B.L.U.F. A thought exercise in why the state is producing so many opinions that don’t seem to matter within the bounds of the Bruen opinion. Maybe it is because they are attacking a particular clause in Bruen


There is a classic scene in most cowboy and Indian movies where the new person is with the more experienced person and spots an Indian. The new guy points him out and the grizzled old dude says something like:

If you see him, he wants you to see him. If there is one there are a hundred

The point being that it wasn’t an accident. The Indian wanted to be seen in order to accomplish some strategic or tactical goal.

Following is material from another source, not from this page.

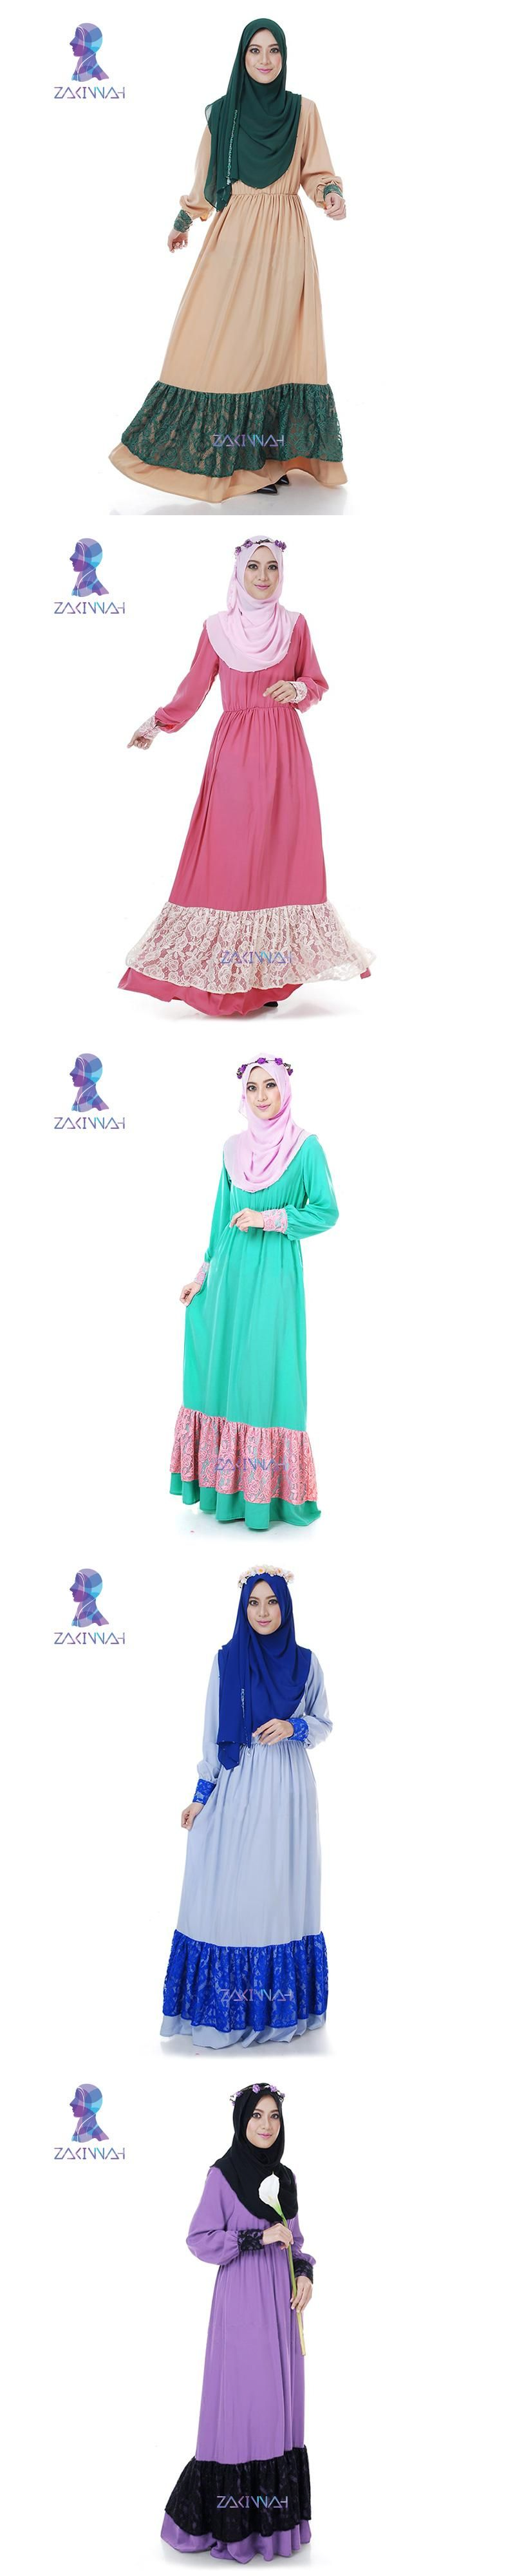 ccb68545cc9 A004 Maxi Dress dubai Muslim abaya choir robes burqa for women clothes new Women  Dress turkish islamic clothing robe musulmane

Much of combat is attempting to get your enemy to misinterpret your actions. If your troops start moving back from the front line and the enemy doesn’t believe that it is because they are pushing you back, they are going to expect a trap. If on the other hand your troops hold as long as they can before retreating, pulling the enemy into ambush, the enemy is more likely to believe they forced the retreat.

As much as we like to call the gun infringers names, like “moron” or “idiot” or “Col. USMC(Ret.) Tucker Stupid”, these are not stupid people. If you believe for one moment that AG Rob Bonta or his people are stupid then you are in for a rude awakening.

These people don’t play to lose unless it is to their advantage.

So if they are presenting huge amounts of what I have called emotional blackmail and items outside of the bounds set forth under Bruen there must be a reason.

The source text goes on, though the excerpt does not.